Lorsque la formation d’une volonté politique débouche enfin sur des mesures concrètes pratiques, le problème concerné ne fait plus depuis longtemps la une des journaux, mais est entre-temps remplacé par un nouveau conflit. Les médias sont beaucoup trop éphémères pour avoir la patience et le souffle dont ont besoin les responsables politiques pour surmonter durablement les crises.

D’un autre côté, on ne saurait surestimer l’importance du reportage médiatique pour le développement et l’approfondissement d’une prise de conscience générale au sujet de la responsabilité de la communauté internationale pour des crises aussi éloignées soient-elles. Si Montesquieu vivait encore aujourd’hui, sa théorie de la séparation des pouvoirs comprendrait probablement un pouvoir supplémentaire, celui des médias.

Même la Cour constitutionnelle fédérale y a songé lorsqu’elle a constaté qu’une presse libre est un "élément essentiel" de l’État libéral et "indispensable pour une démocratie moderne". Il ne faut cependant pas oublier de mentionner que l’influence des médias peut aussi accentuer les conflits. Dans certaines crises politiques récentes, notamment celles marquées par des affrontements ethniques, comme en Bosnie ou au Rwanda, des médias locaux ont diffusé des incitations à la haine et des propos malveillants qui ont dégradé l’atmosphère politique jusqu’à créer un climat pouvant mener au lynchage. Ces aspects négatifs doivent également être pris en compte dans l’interaction entre les médias et la politique.

L’influence des médias sur le discours politique

Les développements dans le paysage médiatique moderne influencent également la nature du discours politique. La tendance très répandue à l’"infotainment" s’est déjà visiblement emparé de la scène politique nationale, ce phénomène n’étant - heureusement - pas encore très développé dans la politique étrangère.

Néanmoins, il existe aussi dans ce domaine une tendance croissante à simplifier les contenus. Dans les médias de masse, pour présenter un thème de la politique étrangère, il est souvent recouru à des modèles d’explication manichéens plus faciles à comprendre.
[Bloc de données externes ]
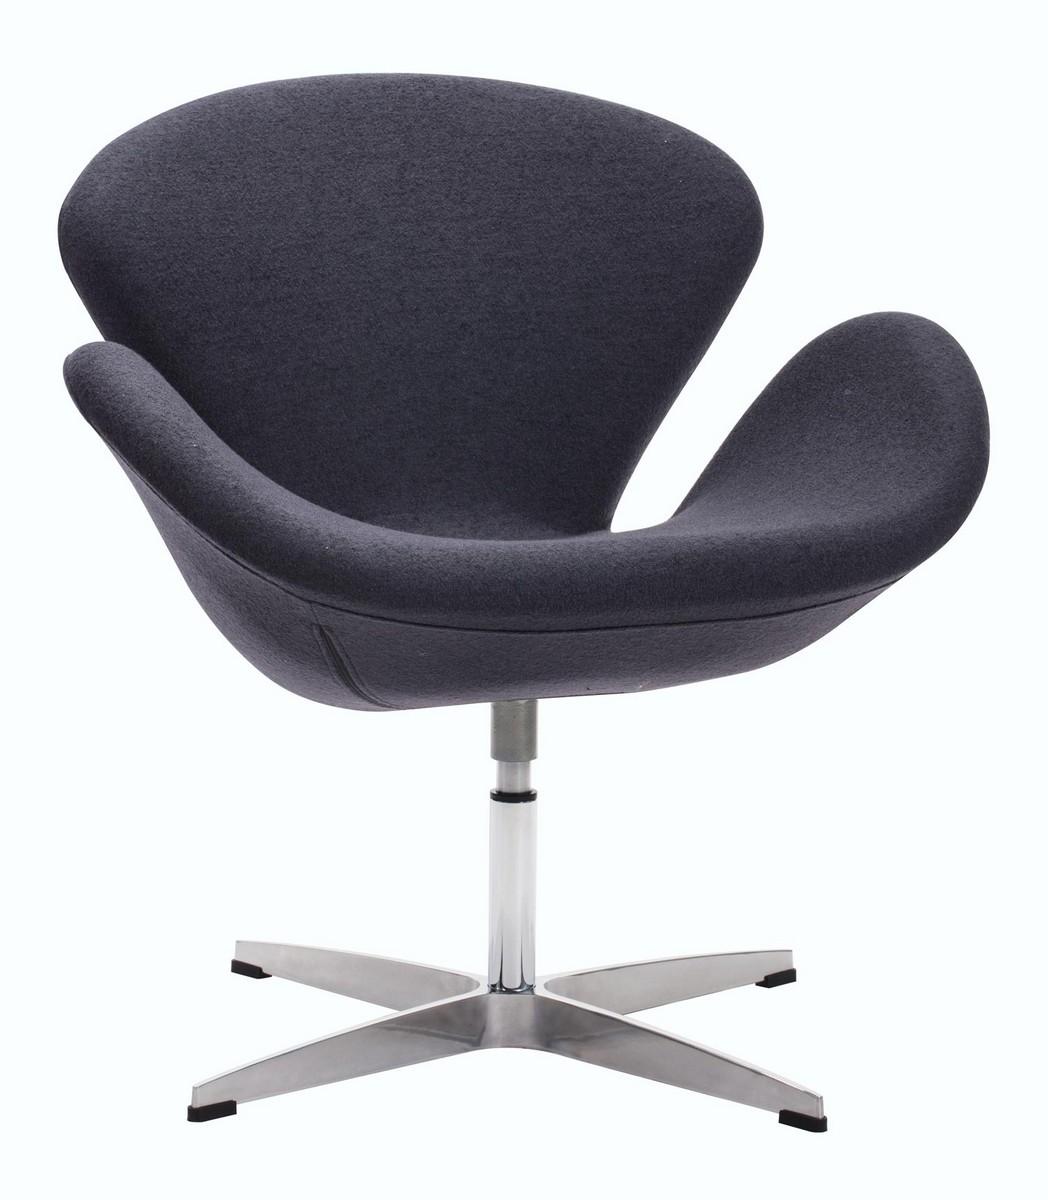 Zuo Modern Pori Occasional Chair - Iron Gray

La réalité est généralement beaucoup plus complexe.

Le débat actuel sur la crise iraquienne est à multiples facettes et fournit à cet égard des exemples très éloquents. L’on peut ne pas être du même avis sur la nécessité d’une intervention armée en Iraq, et la position du gouvernement fédéral est connue. Dans ce débat, il est cependant remarquable de voir avec quelle rapidité des positions fondamentales politiques soupesées sont réduites à des slogans dans le débat public qui ne laissent plus aucune chance à une analyse objective et à un examen minutieux du pour et du contre.

Il appartient à chacun d’apprécier les causes et les effets de cette interaction problématique entre le reportage médiatique et la politique. Imputer de manière unilatérale les responsabilités serait certainement faire preuve d’une courte vue.

Antagonisme entre le reportage en temps réel et la nécessité d’une analyse politique des problèmes à long terme

L’antagonisme latent entre le reportage en temps réel sur les foyers de crise dans le monde et la nécessité de procéder à une analyse et à une gestion politique des problèmes dans le long terme est certainement l’un des problèmes essentiels qui opposent les médias de masse modernes et une politique étrangère adaptée à notre époque.

J’espère que nos discussions aujourd’hui et demain pourront contribuer à éclaircir les relations entre les médias et la politique et à dissiper quelque peu cet antagonisme.

Dans ce but, je vous souhaite ainsi qu’à nous tous un échange fructueux. Merci de votre attention.